Write down your reasons for quitting. It can be hard to stay motivated if you lose track of the reasons behind your goals. When you start feeling tempted to drink, get out a pen and paper and write down all the reasons you quit.
- Think about your mentality when you began dry January. Why were you motivated to quit drinking? Was it to shed holiday weight? Was it to remind yourself how to entertain yourself without alcohol?
- Write down as many reasons you can remember in regards to why you quit. You can keep this list on hand and consult it when you need added motivation.
- Seek support from friends. It can be hard to quit drinking all by yourself. Try asking friends and family members for support. You can let people know not to invite to events where there is a lot of alcohol. You can also ask a friend or family member to do dry January with you. The two of you can keep one another motivated throughout the month.Oftentimes, people feel it’s appropriate to encourage others to drink, even after they’ve politely declined. If you have friends or family members that say things like, “Come on, just have one,” politely let them know you don’t need this extra pressure.
Avoiding Common Pitfalls
Do not let a slip up destroy your goals. You may very well slip up during dry January. Many people end up indulging in one or two drinks or end up drinking with friends socially one night. Instead of seeing this slip up as a reason to quit altogether, see it as a small mistake and get back on track the next day.

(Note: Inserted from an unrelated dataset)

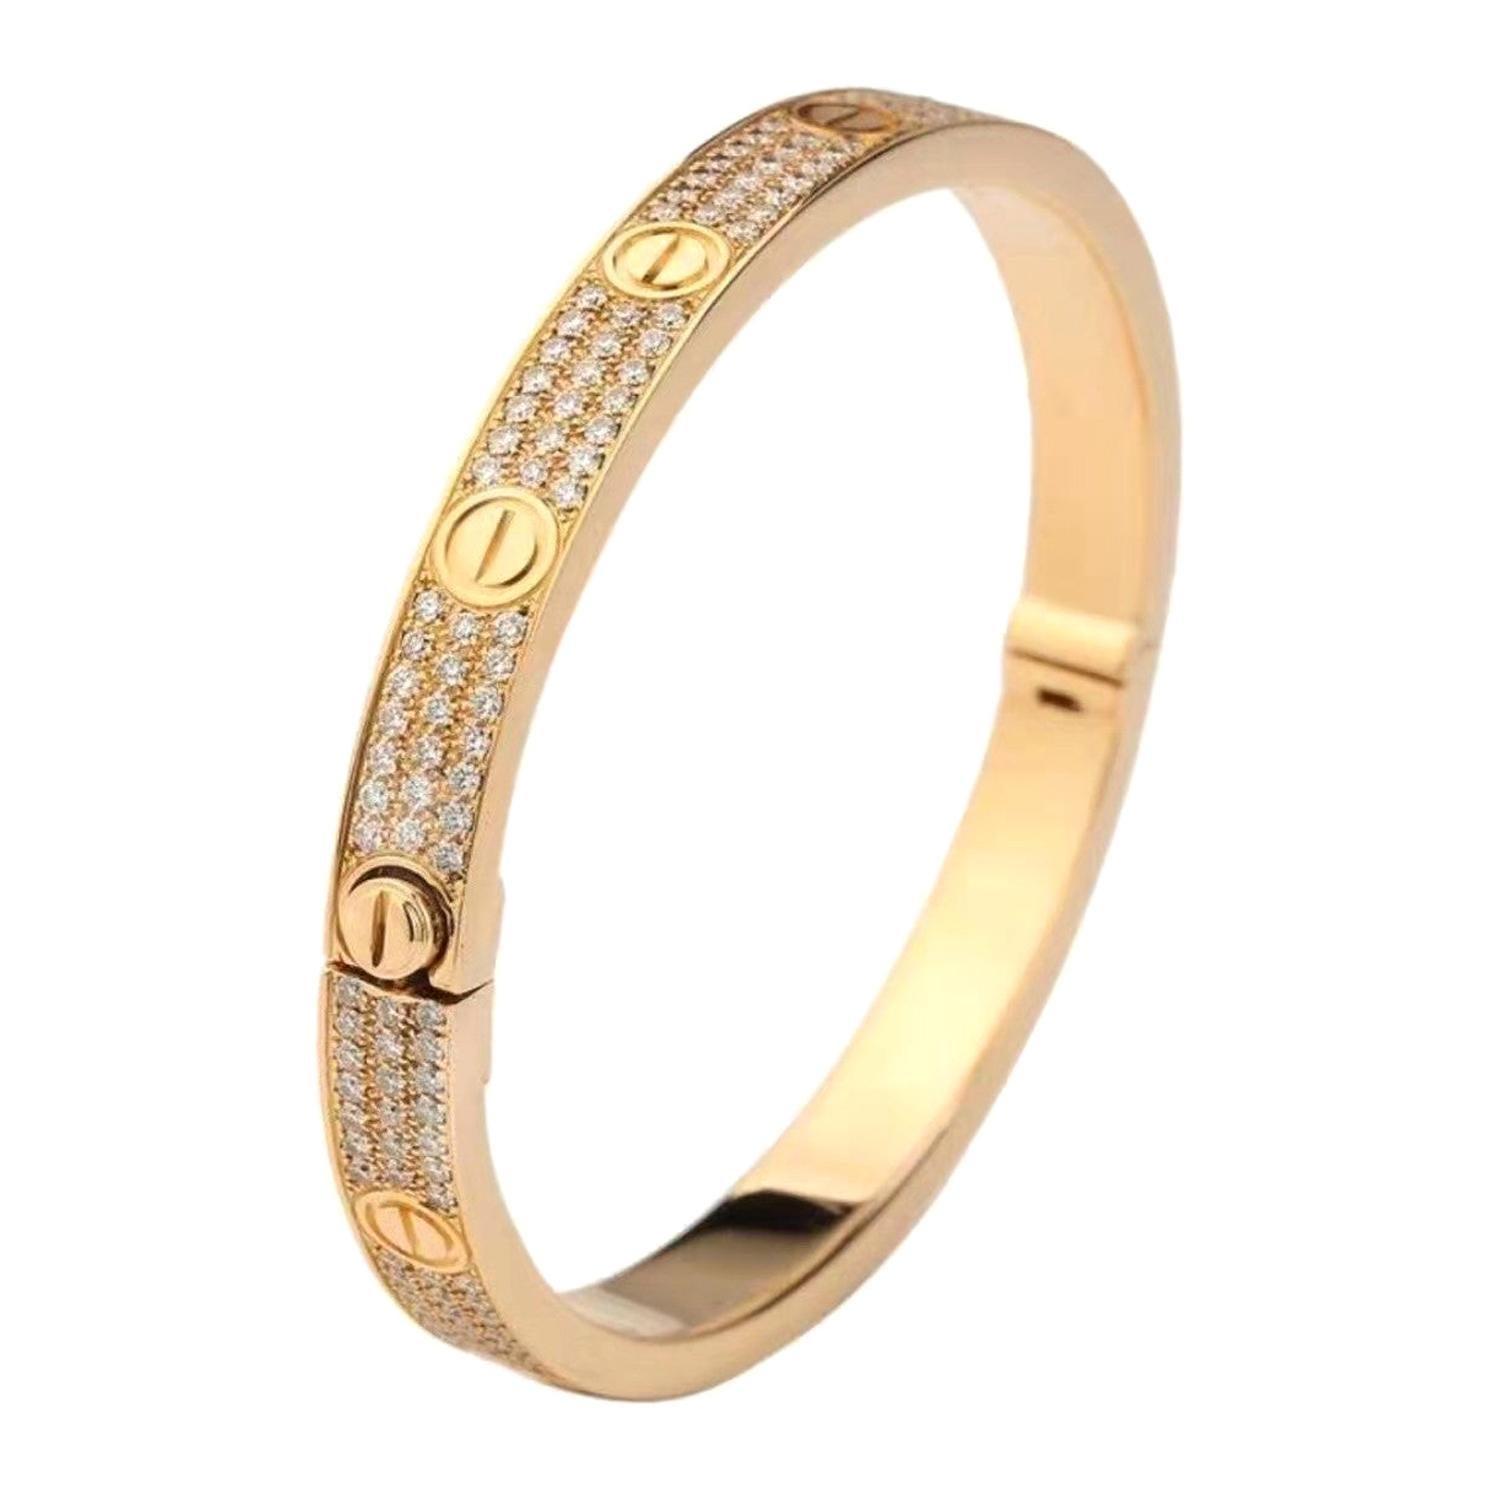 18 Karat Yellow Gold Cartier Love Bracelet with Pave Diamonds
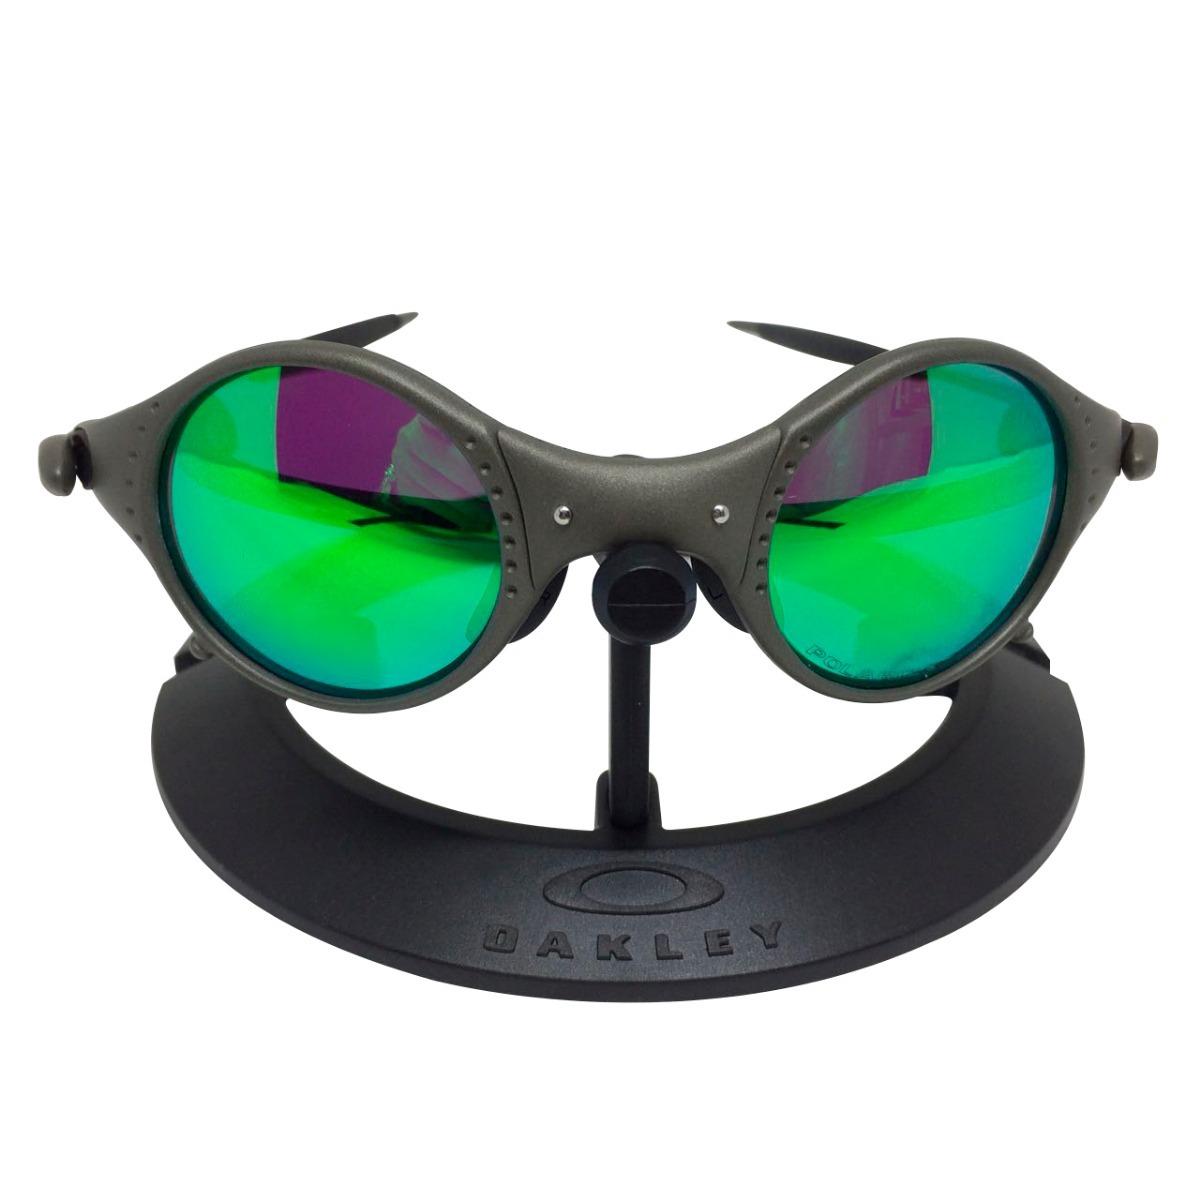 c50c07d96 Óculos Juliet Mars X-metal Verde Original Co00-0987 - R$ 149,00 em ...

- Remember, if you’ve been drinking a lot during December, limiting your drinking in January is an accomplishment. If you can go all of January drinking only once or twice, this is still something to be proud of. One mistake in dry January does not mean the month is shot.
Allow yourself small rewards. Alcohol is often a reward for people. You may have a drink at the end of a long day, for example. Many people combine dry January with other goals for the new year, but do not eliminate all your rewards at once. If you’re too strict with yourself, this increases your likelihood of slipping up. Replace alcohol with other rewards instead of eliminating rewards altogether.
- You may find you save a lot of money not drinking. Use that money to indulge in another way. Order takeout on Friday night instead of spending it at the bar. Buy yourself a new outfit on Sunday afternoon instead of a glass or two of wine.
Avoid bars altogether. While you can order non-alcoholic drinks at bars, it’s easy to feel awkward or uncomfortable being the only one not drinking. You also may be under pressure to drink if a friend is, say, buying a round or buying shots. For the most part, try to avoid bars altogether during dry January. Only go to bars if it’s an event you cannot avoid, like a good friend’s birthday party.
See dry January as a way to adjust long term habits. Going dry for a single month is unlikely to make long term changes to your health. Many people who go dry for the month of January end up returning to bad habits after the month has passed. Therefore, try to see dry January as a way to address and break bad alcohol habits. See it as a route to long term changes rather than a month-long break.
- Think about how you feel not drinking. Pay attention to the benefits, like increased energy, reduced anxiety, extra income, and more free time.
- Consider how you can cut back in February. You can plan to, say, only drink once a week or every other week as your New Years goal.